WLLM-FM
- Carlinville, Illinois; United States;
- Broadcast area: Litchfield, Illinois
- Frequency: 90.1 MHz
- Branding: Great News Radio

Programming
- Format: Christian radio

Ownership
- Owner: Great News Radio; (Good News Radio, Inc.);
- Sister stations: WGNJ, WGNN, WJWR, WLLM, WLUJ

History
- First air date: August 11, 1997
- Former call signs: WTSG (1997–2016)

Technical information
- Licensing authority: FCC
- Facility ID: 28303
- Class: A
- ERP: 5,000 watts
- HAAT: 90 meters (300 ft)
- Translator: 105.3 W287CK (Springfield)

Links
- Public license information: Public file; LMS;
- Webcast: Listen live
- Website: greatnewsradio.org

= WLLM-FM =

WLLM-FM (90.1 FM) is a radio station broadcasting a Christian radio format. Licensed to Carlinville, Illinois, United States, the station is owned by Great News Radio, through licensee Good News Radio, Inc.

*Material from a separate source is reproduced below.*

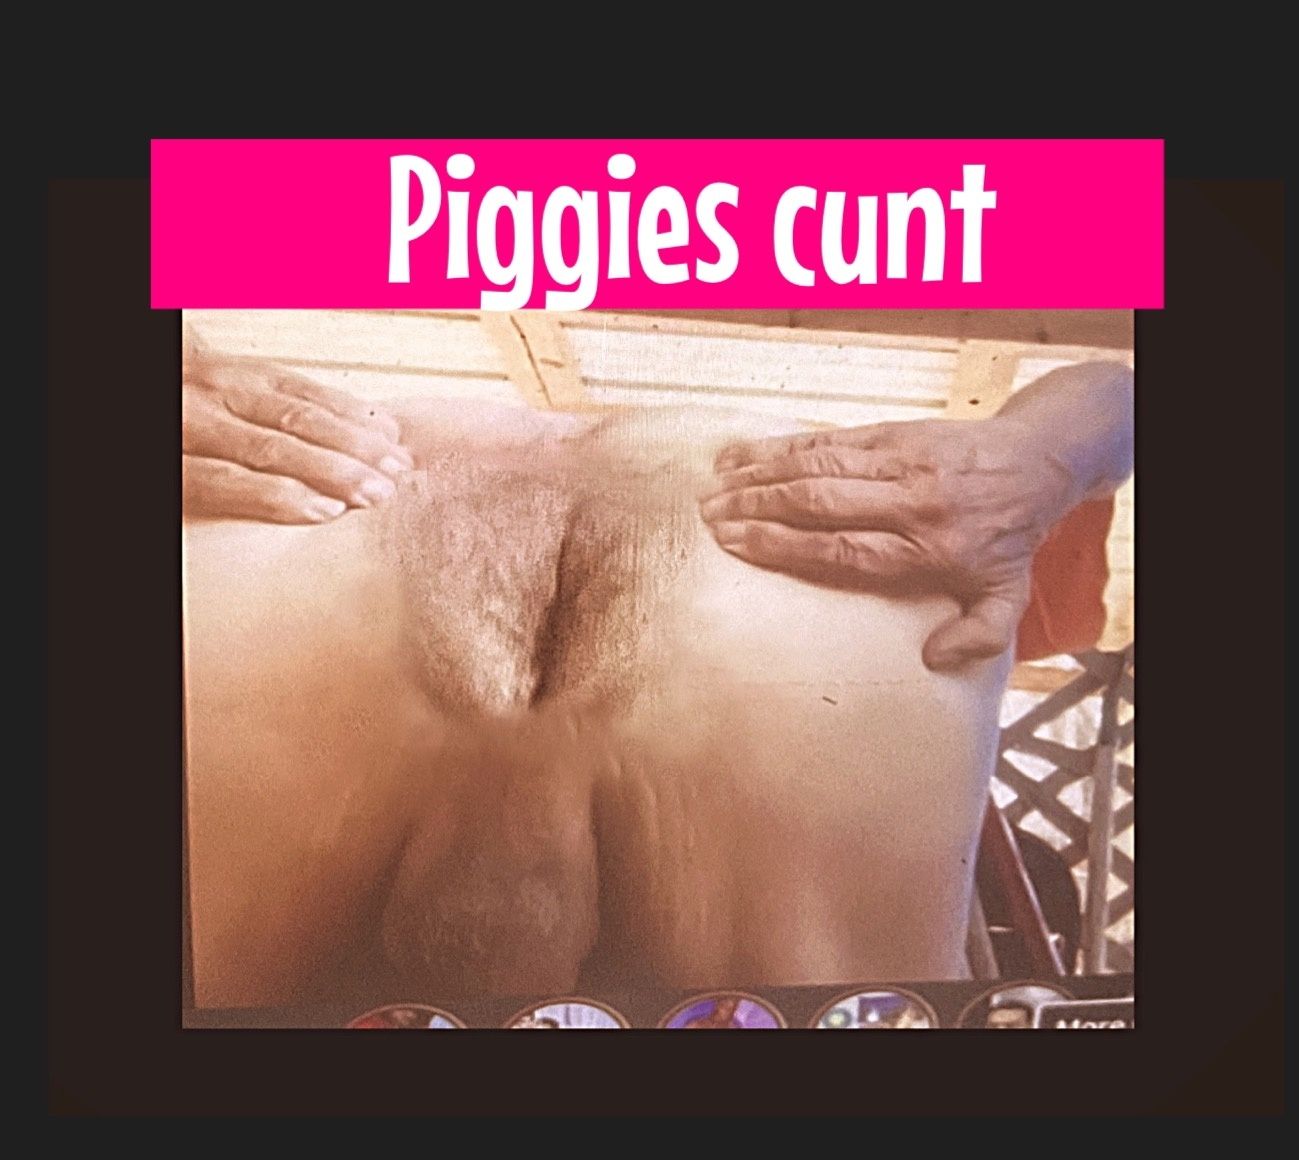 Piggies cunt

WLLM-FM's format consists of Christian talk and teaching and inspirational music.

==History==
The station began broadcasting on August 11, 1997, and held the call sign WTSG. It aired a southern gospel format, and was owned by the Illinois Bible Institute. WTSG was branded "Today's Solid Gospel" and was an affiliate of Salem Radio Network's Solid Gospel southern gospel network. In 2012, Cornerstone Community Radio, Inc., owner of 1370 WLLM in Lincoln, Illinois, purchased the then-WTSG for $50,000, and began simulcasting the Christian programming of WLLM on the station. On July 18, 2016, the station's call sign was changed to WLLM-FM. In 2019, the station was sold to Good News Radio. The sale, which included six sister stations and seven translators, was consummated on February 12, 2020 at a price of $1.1 million.